The event was widely publicised with period photographs in the London press in the lead-up to the festival weekend, ensuring that the two versions of the exhibition were inscribed in both past and recent histories of Morris and Tate.
Some ‘remembering exhibitions’ are found within another, usually historical, exhibition. This mise en abyme device is designed to convey a broader sense of the period than that provided by the relevant artworks alone. It is most often used for exhibitions or exhibition spaces that revolutionised the norms of display. Two early examples are the inclusion of replica spaces of the 1937 Entartete Kunst [Degenerate Art] exhibition in curator Stephanie Barron’s 1991 Degenerate Art: The Fate of the Avant-Garde in Nazi Germany (fig.1) and her 1997 Exiles and Emigrés: The Flight of European Artists from Hitler which featured a replica space based on the iconic installation photographs of Frederic Kiesler’s New York Art of this Century gallery designed in 1942 for Peggy Guggenheim (fig.2).8
In both these examples the separation between past and present was manifested through technologies of vision and revision.
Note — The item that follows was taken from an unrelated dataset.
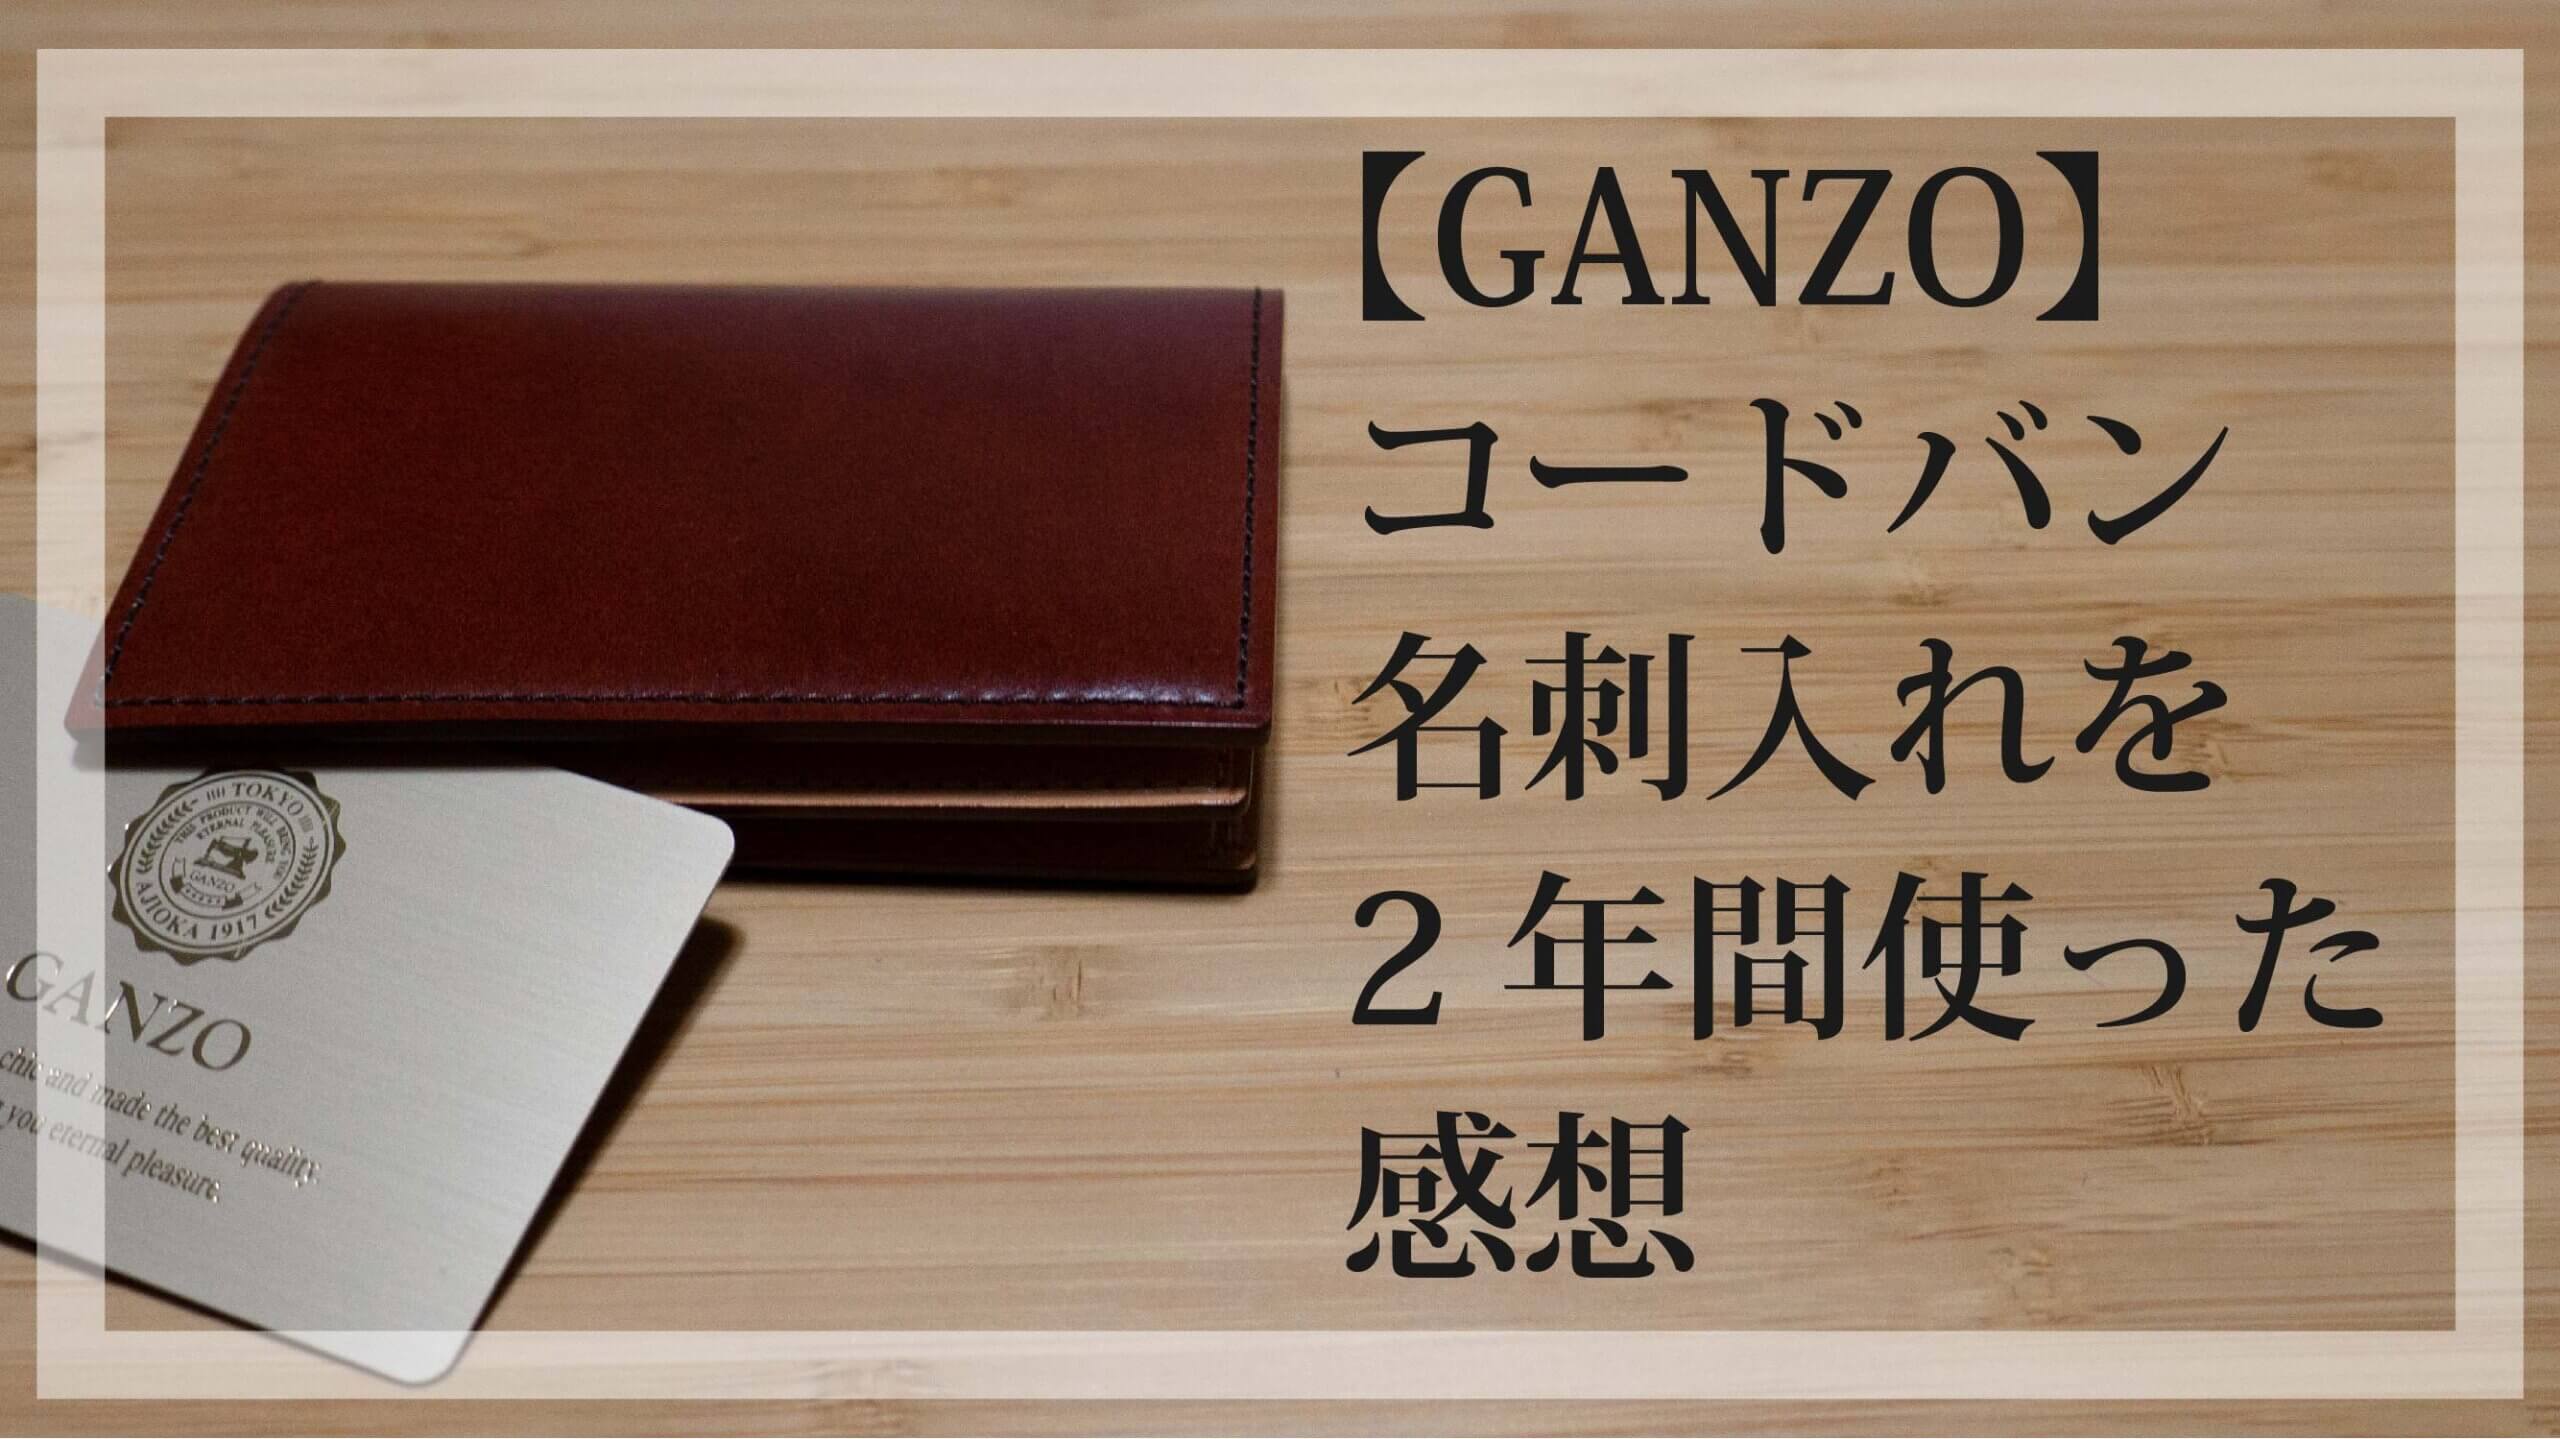 新品 GANZO(ガンゾ)シェルコードバン2 名刺入れ ナチュラル-

Neither reconstruction was full scale nor entirely faithful to the disposition of the spaces of the original exhibitions. In 1937 the Entartete Kunst exhibition was shown in a number of rooms that changed dimensions and disposition as the exhibition travelled. By contrast, the 1991 reconstruction of Degenerate Art consisted of a free-standing corridor with a slightly raised floor in the middle of an exhibition gallery. Inside the corridor, the effect was that of entering a time tunnel for, unlike the rest of the 1991 exhibition, reproduced artworks were positioned in a crowded manner similar to the way they were encountered in 1937. The reduction of dimensions, the spatial compression and alterations, the whiteness of the reconstructed space and the inclusion of reproductions rather than originals were intended to convey the intensity of the experience of the 1937 exhibition without fetishising it.9
The reconstruction of Kiesler’s Art of this Century also utilised reproductions, but rather than walk through a corridor, visitors entered reduced-size versions of the original Art of This Century gallery spaces. The smaller scale and difference in display language compared with the rest of the Exiles and Emigrés exhibition made it seem as if one was stepping back in or out of time. Unlike the oppressive spaces of the Degenerate Art reconstruction, the effect of the darkened, strange, replicated galleries of the Art of This Century with their even stranger objects, and the intermittent and incongruous train whistle, was spectacular and wondrous. What a three-dimensional reconstruction can foster, then, is the possibility of experiencing the interplay between the aesthetics and the affect of earlier exhibition experiences, the look as well as the feel of past exhibitions.10
Such physical reconstructions recreate a sense of the spatial components of the original exhibition: the three-dimensionality of the exhibition halls; the spatiality of the artworks in relation to each other and the places in which they were exhibited; and the visitors’ spatial relationships, even if condensed or in somewhat altered form, with the historical exhibition environment and/or the art on display. Reconstructions provide a presence in real time that two-dimensional images, either still or moving, cannot convey. If three-dimensional exhibition reconstructions evoke the display trope of ‘period rooms’, they also conform to the recent shift from education to experience in many history and ethnographic museums where the aura of the original and opticality are replaced by a mind-body immersion in obviously fabricated recreations of past or unusual environments.11
By reconstructing the then novel, if not shocking, aspects of the Degenerate Art and Art of This Century installations, Barron created lieux de mémoire [sites of memory], tangible touchstones through which memory can be activated, recovered, and re-integrated into a collective memory of exhibitions.12 Her reconstructions prompted visitors to consider innovations in the presentation of art as integral to the history of art and the social and political history of an era. In other words, the genre of an exhibition within an exhibition encouraged visitors to consider an exhibition as a form in and of itself rather than a seemingly neutral, nodal medium for presenting individual artworks.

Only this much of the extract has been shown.